Work to be completed
Would you give the listing again exactly, without its images?

Dataset section
--- --- ---

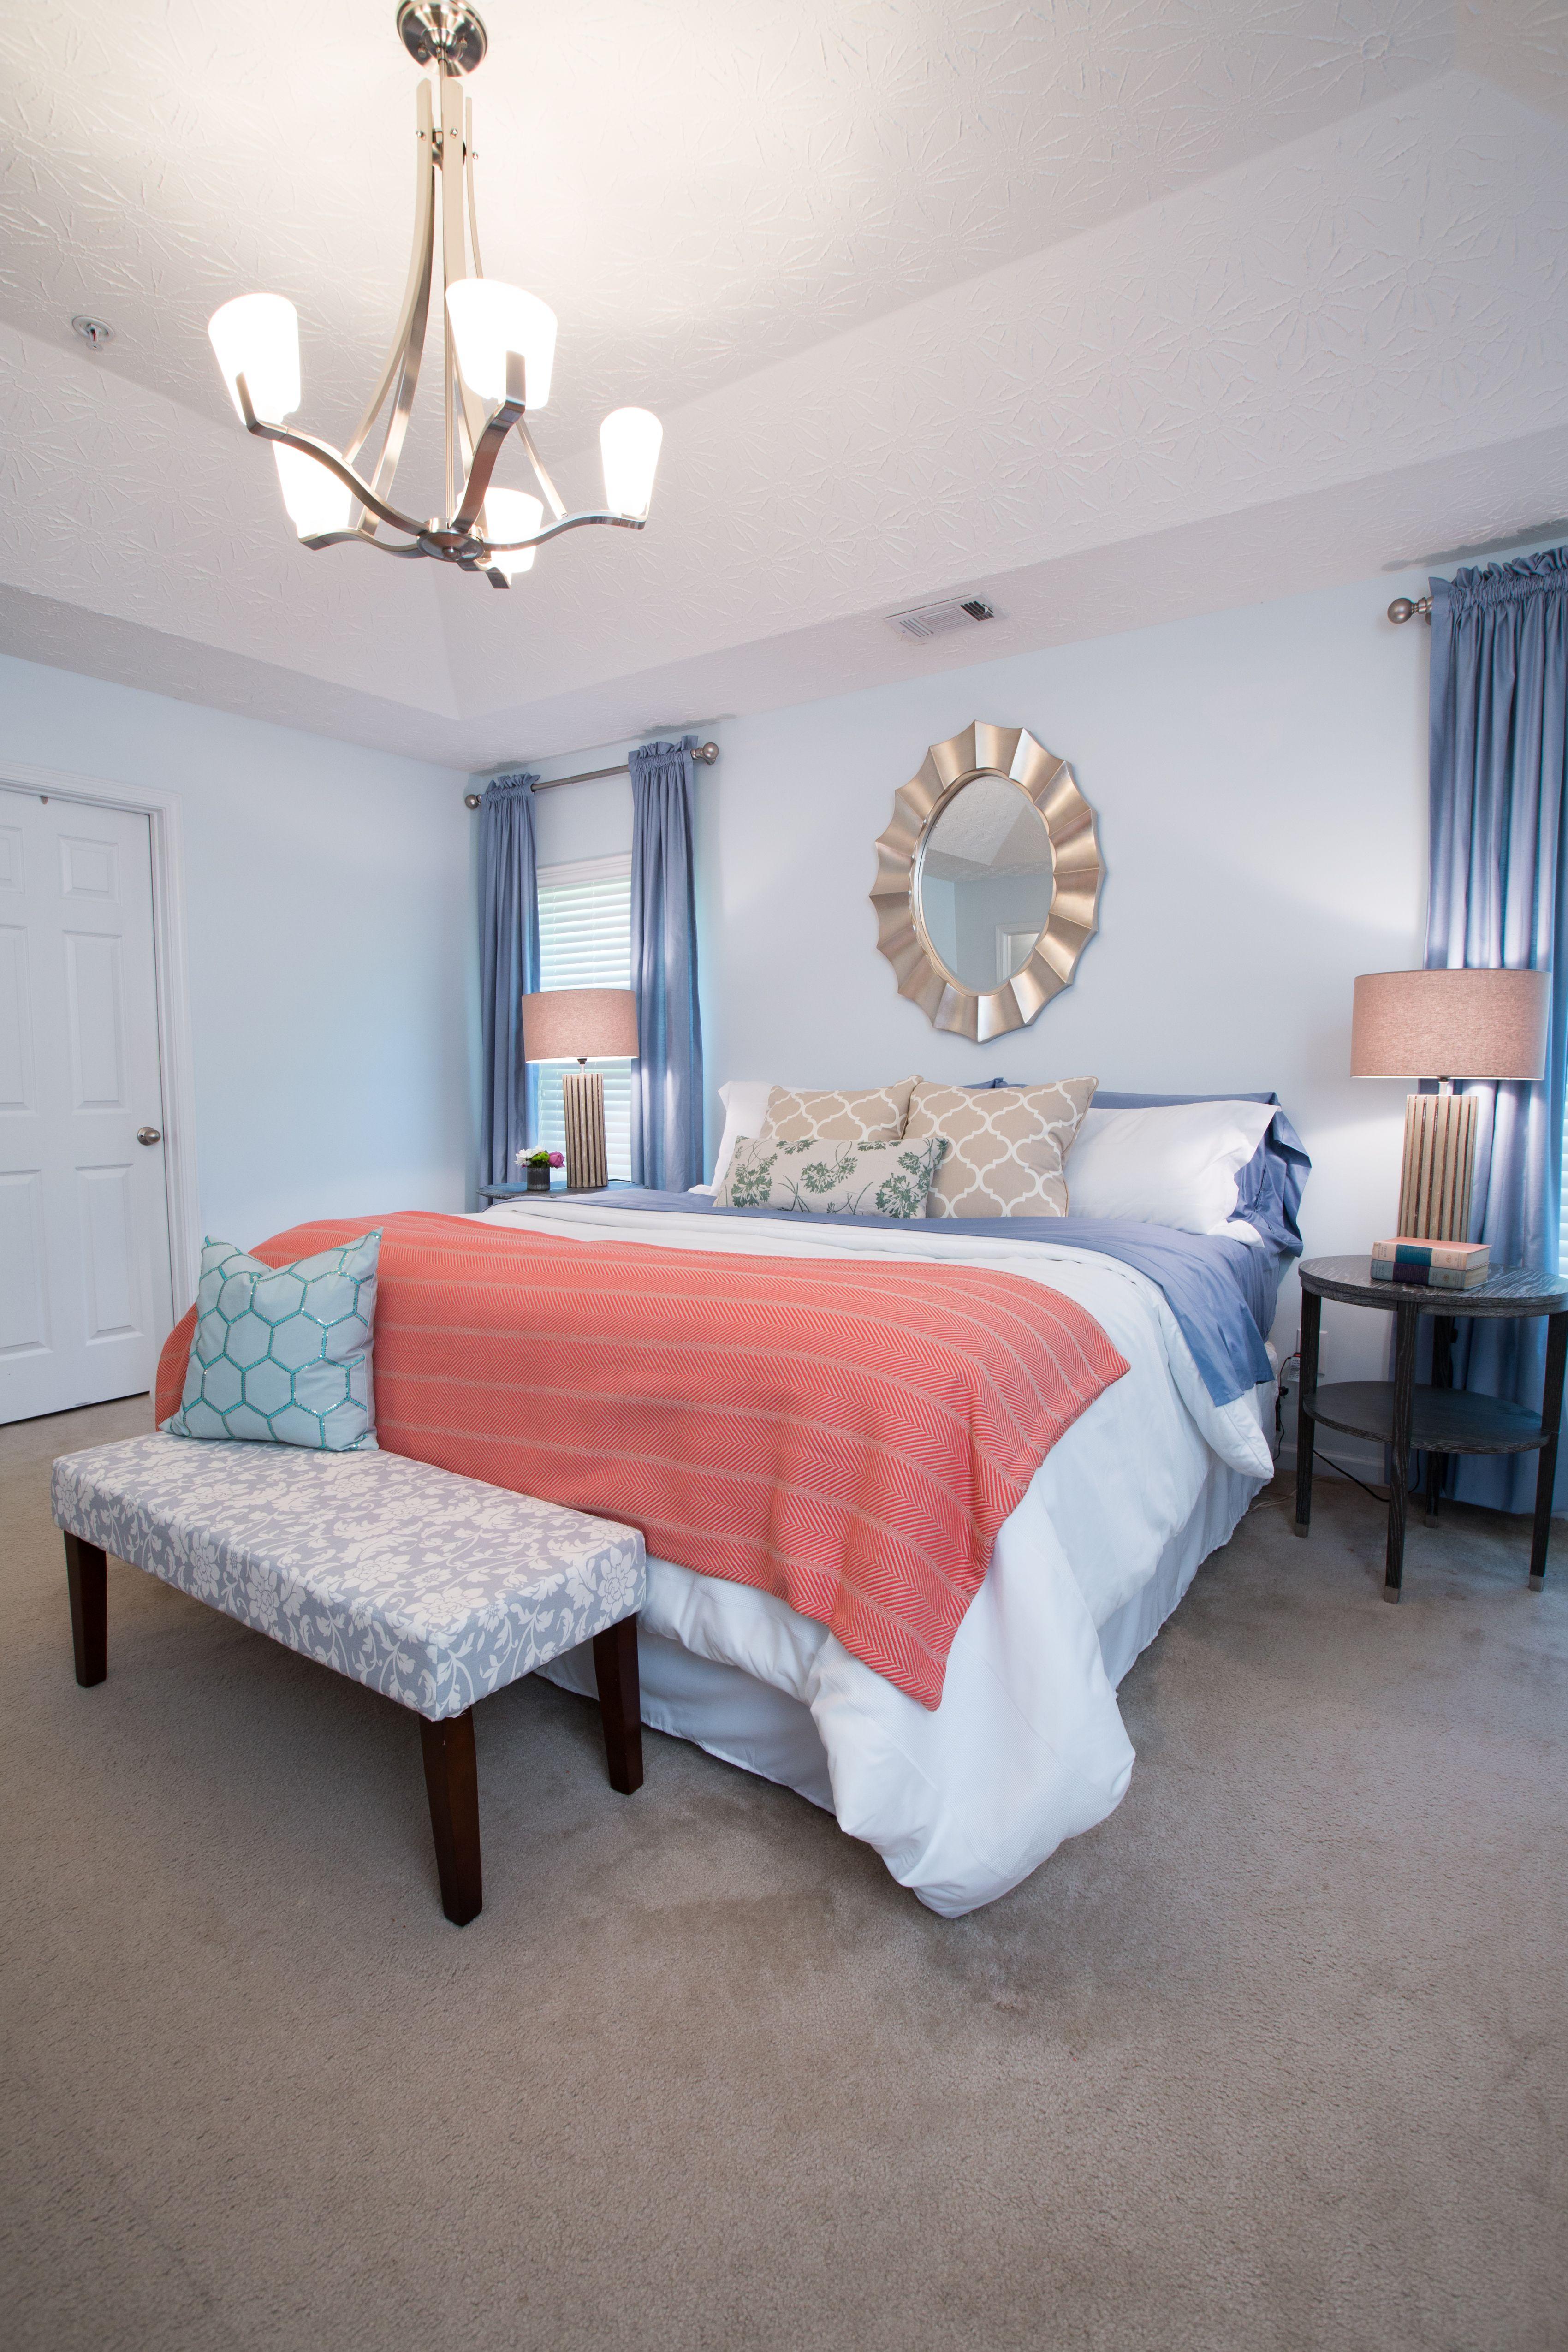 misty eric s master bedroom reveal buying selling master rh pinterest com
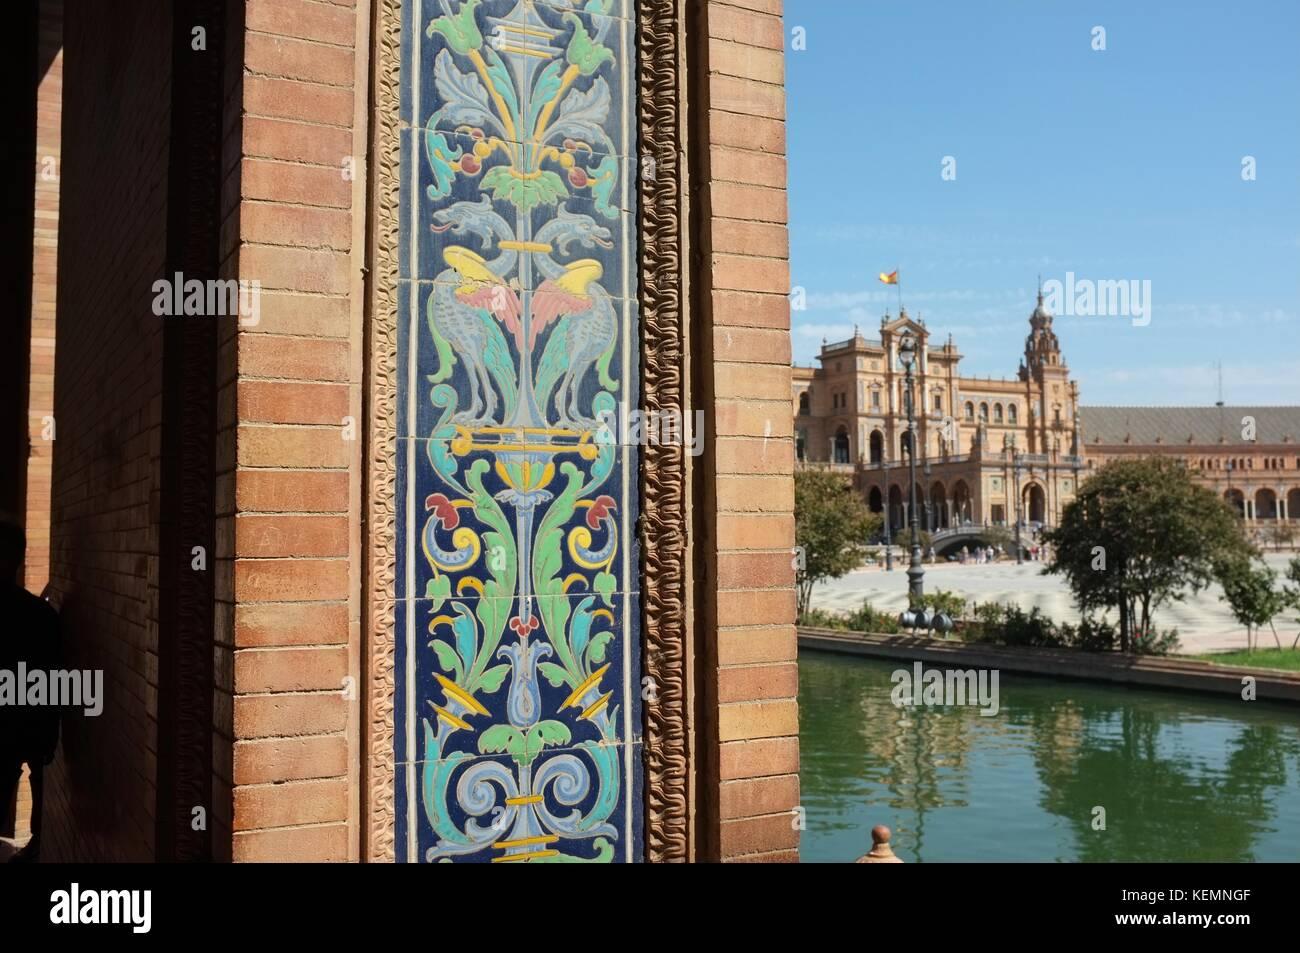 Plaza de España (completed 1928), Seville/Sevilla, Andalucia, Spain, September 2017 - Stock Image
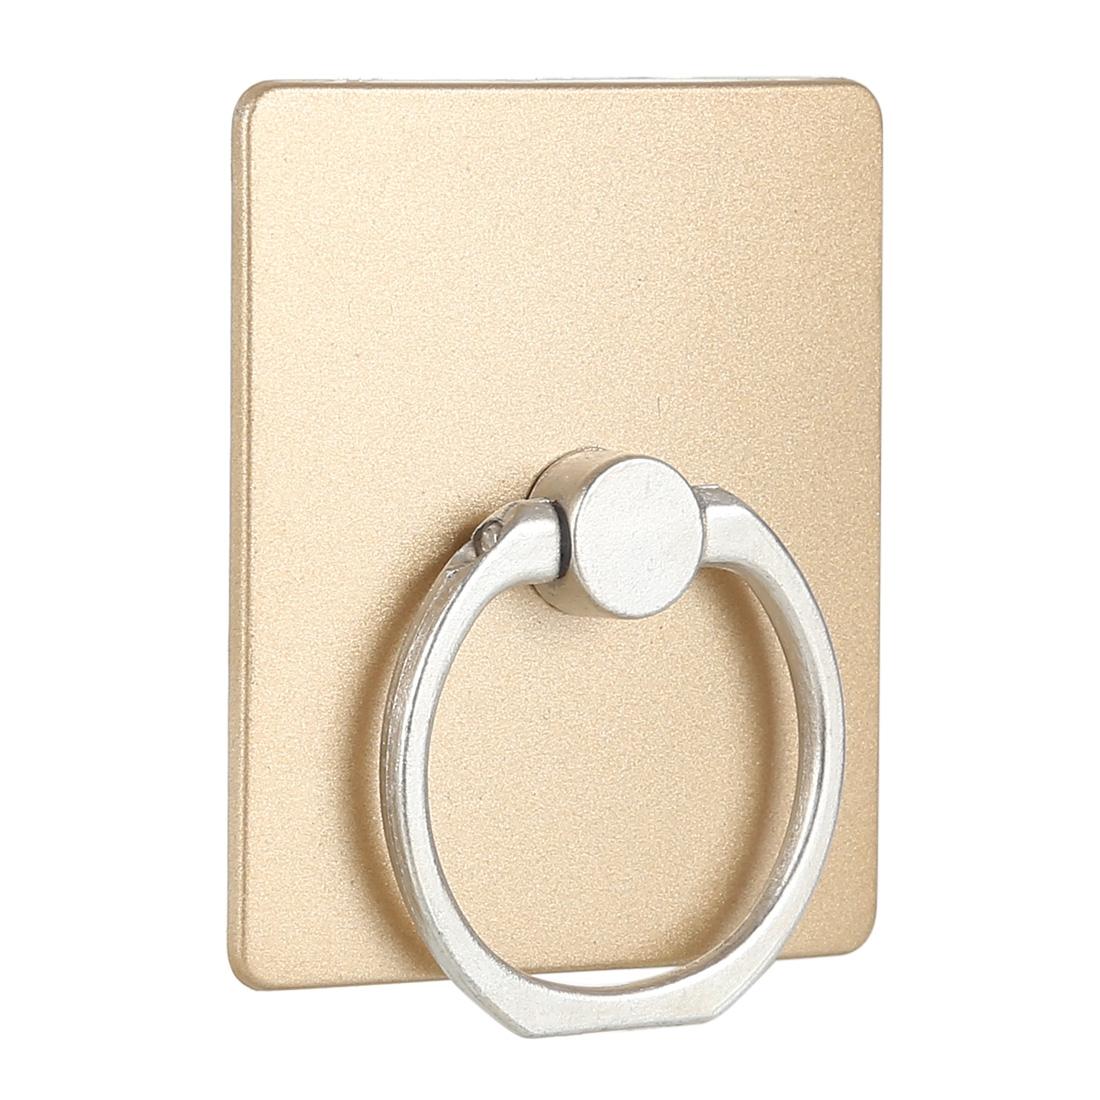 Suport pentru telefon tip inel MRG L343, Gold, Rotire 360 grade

--- --- ---

Result of this task
 misty eric s master bedroom reveal buying selling master rh pinterest com
 Plaza de España (completed 1928), Seville/Sevilla, Andalucia, Spain, September 2017 - Stock Image
 Suport pentru telefon tip inel MRG L343, Gold, Rotire 360 grade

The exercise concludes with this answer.